Listening to speech is a recognition process: SPEECH PERCEPTION identifies phonetic structure in the incoming speech signal, allowing the signal to be mapped onto representations of known words in the listener's LEXICON. Several facts about spoken-word recognition make it a challenging research area of PSYCHOLINGUISTICS. First, the process takes place in time -- words are not heard all at once but from beginning to end. Second, words are rarely heard in isolation but rather within longer utterances, and there is no reliable equivalent in speech of the helpful white spaces that demarcate individual words in a printed text such as this article. Thus the process entails an operation of segmentation whereby continuous speech is effectively divided into the portions that correspond to individual words. Third, spoken words are not highly distinctive; language vocabularies of tens of thousands of words are constructed from a repertoire of on average only 30 to 40 phonemes (Maddieson 1984; see PHONOLOGY for further detail). As a consequence, words tend to resemble other words, and may have other words embedded within them (thus steak contains possible pronunciations of stay and take and ache, it resembles state and snake and stack, it occurs embedded within possible pronunciations of mistake or first acre, and so on). How do listeners know when to recognize steak and when not?

Methods for the laboratory study of spoken-word recognition are comprehensively reviewed by Grosjean and Frauenfelder (1996). This field of study is very active, but it began in earnest only in the 1970s; before then, models of word recognition such as Morton's (1969) logogen model were not specifically designed to deal with the characteristics of speech. Now, spoken-word recognition research is heavily model-driven, and the models differ, inter alia, as to which of the above challenges they primarily address. The first model specifically in this area was Marslen-Wilson and Welsh's (1978) cohort model; it focused on the temporal nature of spoken-word recognition and proposed that the initial portion of an incoming word would activate all known words beginning in that way, with this "cohort" of activated word candidates gradually being reduced as candidates incompatible with later-arriving portions of the word drop out. Thus /s/ could activate sad, psychology, steak, and so on; if the next phoneme were /t/, only words beginning with /st/ (stay, steak, stupid, etc.) would remain activated; and so on until only one word remained in the cohort. This could occur before the end of the word -- thus staple could be identified by the /p/ because no other English words would remain in the cohort.

The neighborhood activation model (Luce, Pisoni, and Goldinger 1990) concentrates on similarities between words in the vocabulary and proposes that the probability of a word being recognized is a function of the word's frequency of occurrence (see VISUAL WORD RECOGNITION for more extensive discussion of this factor) and the number and frequency of similar words in the language; high-frequency words with few, low-frequency neighbors will be most easily recognized.

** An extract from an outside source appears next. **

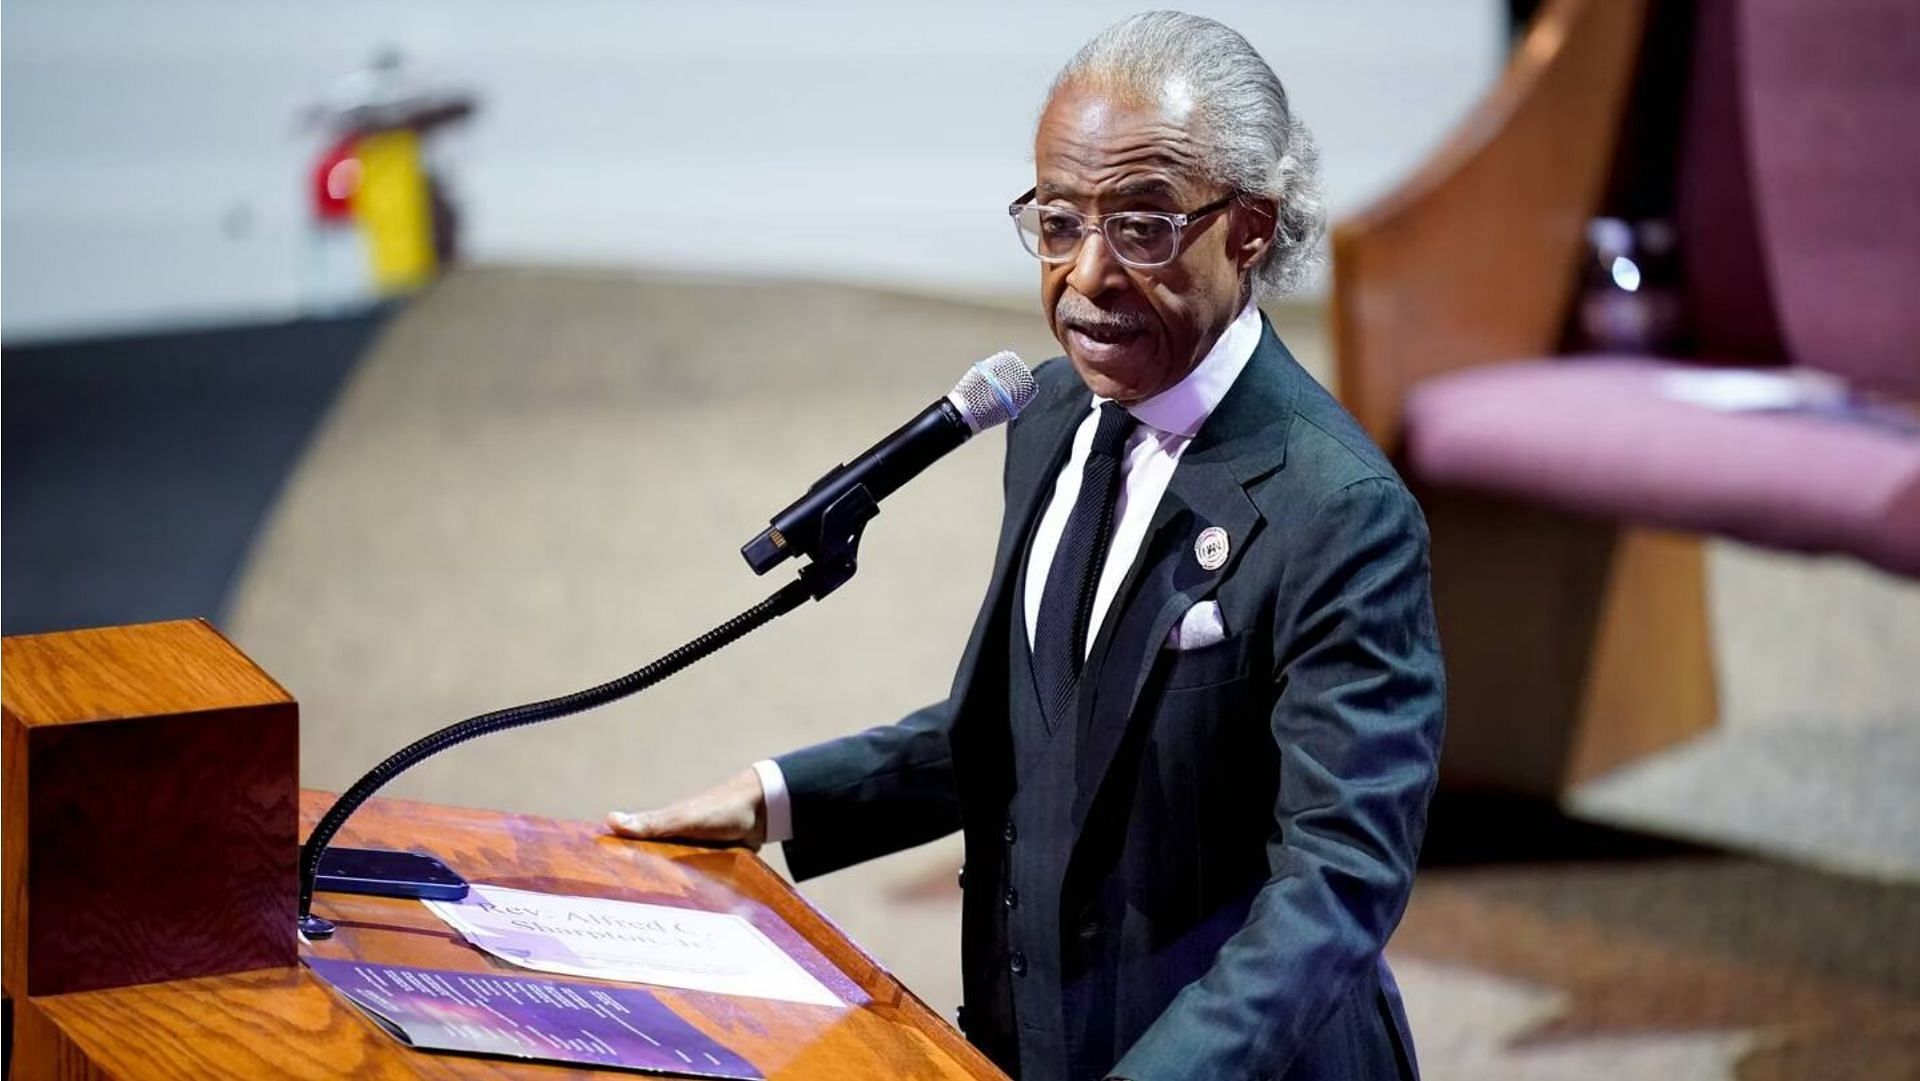 Al Sharpton lost massive amount of weight through exercise and dieting. (Photo via Andrew Nelles/Getty)
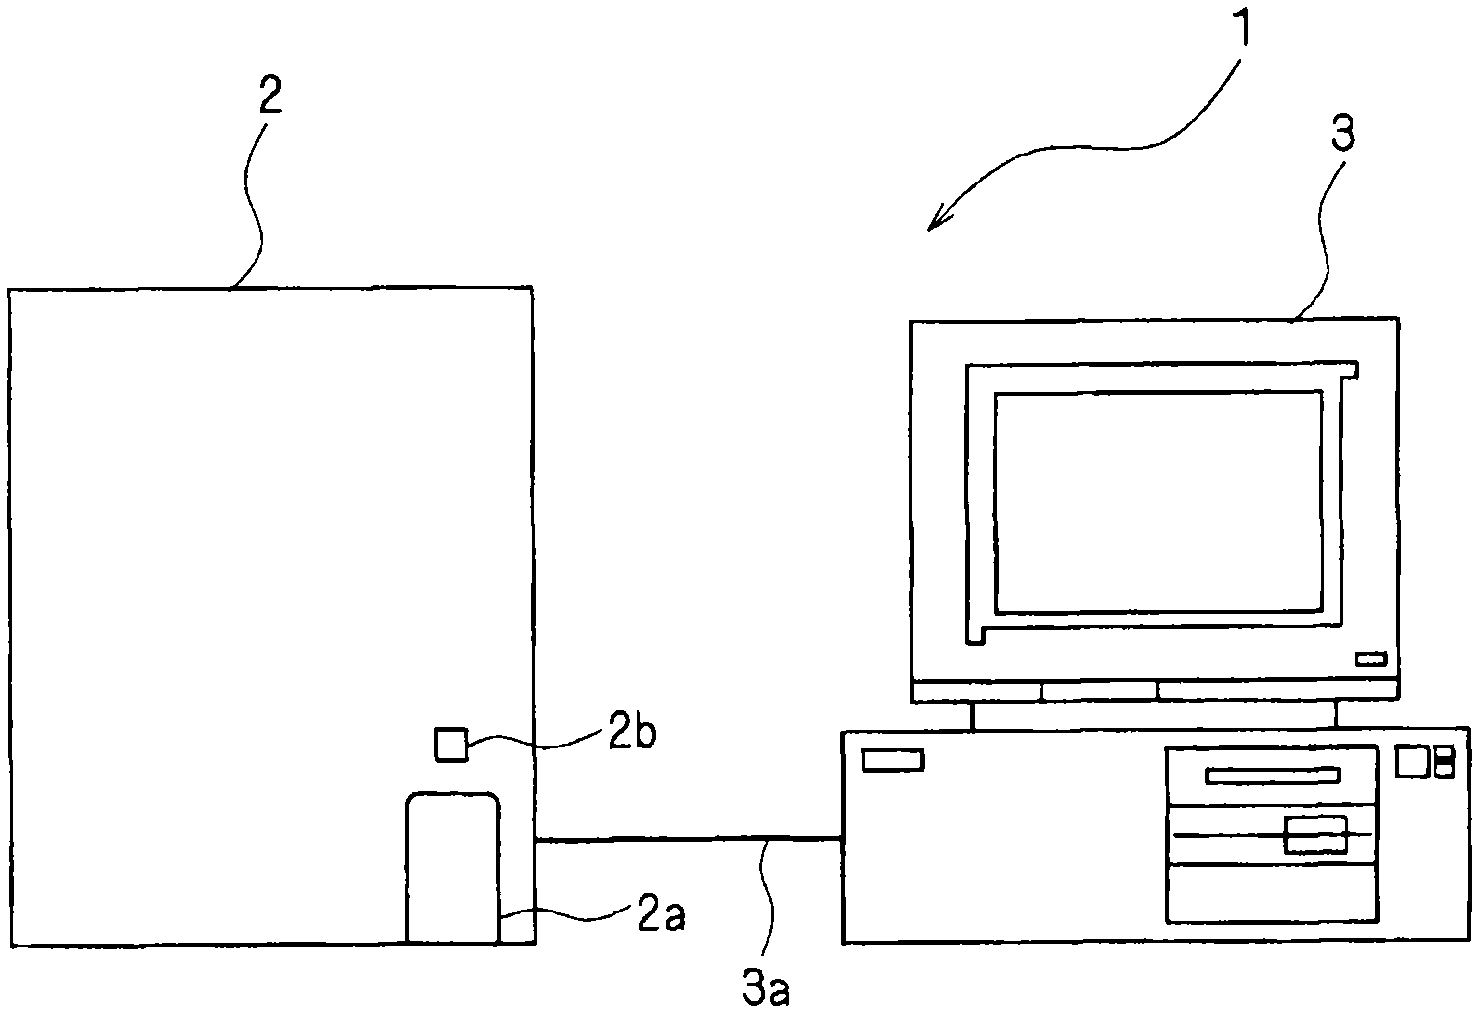 Blood cell counter, diagnosis support method and computer program product

The currently most explicit models are TRACE (McClelland and Elman 1986) and SHORTLIST (Norris 1994), both implemented as connectionist networks (see COMPUTATIONAL PSYCHOLINGUISTICS; also Frauenfelder 1996). They both propose that the incoming signal activates potential candidate words that actively compete with one another by a process of interactive activation in which the more active a candidate word is, the more it may inhibit activation of its competitors. Activated and competing words need not be aligned with one another, and thus the competition process offers a potential solution to the segmentation problem; so although the recognition of first acre may involve competition from stay, steak, and take, this will eventually be overcome by joint inhibition from first and acre.

TRACE and SHORTLIST differ primarily in one other feature that is an important characteristic of most psycholinguistic processing models -- namely, whether or not they allow unidirectional or bidirectional flow of information between levels of processing. TRACE is highly interactive. That is, it allows information to pass in both directions between the lexicon and prelexical (and in principle post lexical) processing levels. SHORTLIST allows information to flow from prelexical processing of the signal to the lexicon but not vice versa. In contrast to TRACE, SHORTLIST also has a two-stage architecture, in which initial word candidates are generated on the basis of bottom-up information alone, and competition occurs only between the members of this "shortlist." TRACE allows competition in principle within the entire vocabulary, which renders it less computationally tractable, whereas SHORTLIST's structure has the practical advantage of allowing simulations with a realistic vocabulary of tens of thousands of words.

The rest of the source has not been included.